The `nop` instruction in ARM64 is `d503201f`. It literally does nothing.

By replacing the `tbz` instruction with a `nop`, the code will *always* fall through to the "success" block, no matter what the password is.

**Here is our plan:**

1. **Find the bytes:** The `tbz` instruction is `36000188`. On a little-endian system (like Apple Silicon), this is stored in the file as `88 01 00 36`.
    
2. **Replace the bytes:** The `nop` instruction is `d503201f`. This is stored as `1f 20 03 d5`.
    
3. **Use a hex editor** (like `hexedit`) to find `88 01 00 36` and replace it with `1f 20 03 d5`.
    

```bash
# 1. Open the file in the hex editor
$ hexedit login

# 2. Press Ctrl+S to search.
#    Search for hex bytes: 88 01 00 36

# 3. Type over it with the new bytes: 1f 20 03 d5
#    (The text will turn red)

# 4. Press Ctrl+X to exit, and 'y' to save.
```

### Part 6: The Final Step (macOS Security)

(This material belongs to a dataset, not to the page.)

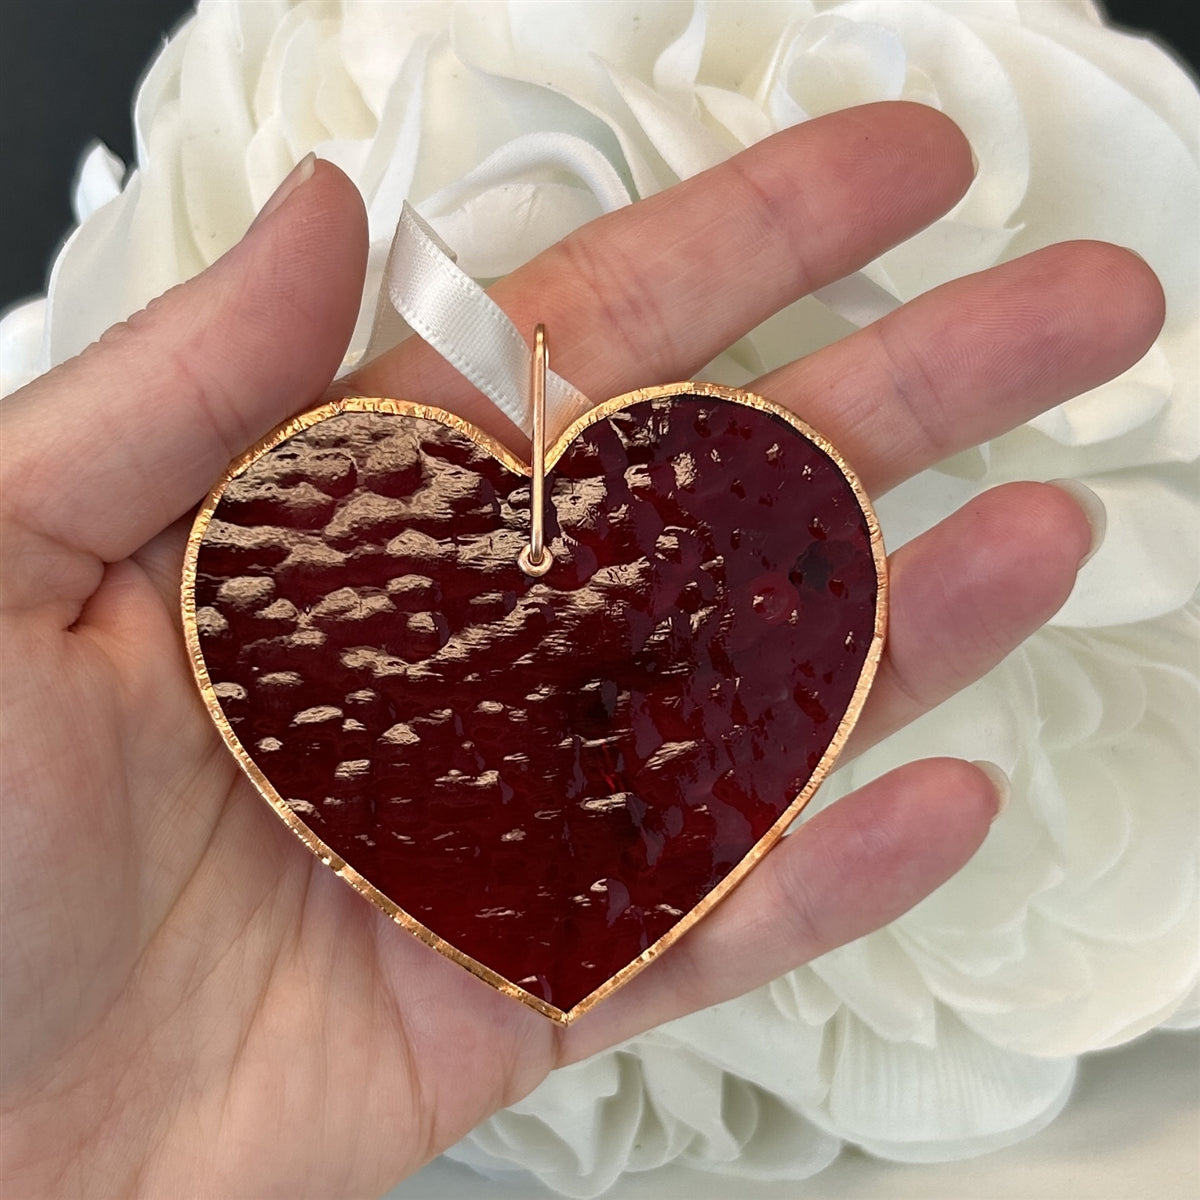 For You Mom on My Wedding Day: Glass Wedding Heart

If we try to run `./login` now, it will hang or crash. We have modified the binary, which breaks its "code signature". macOS sees the file has been tampered with and refuses to run it.

We need to apply a new, ad-hoc signature to tell macOS we trust this new version.

```bash
$ codesign -f -s - login
```

### The Result

Now, we run our patched app.

```bash
$ ./login anything-i-want
success

$ ./login blahblah
success

$ ./login 1234
success
```

We have successfully bypassed the password check by changing just 4 bytes in the compiled executable.

This is, of course, a very simple example, but it demonstrates the fundamentals of binary patching and reverse engineering. It also shows why hardcoding secrets in your client-side applications is never a good idea!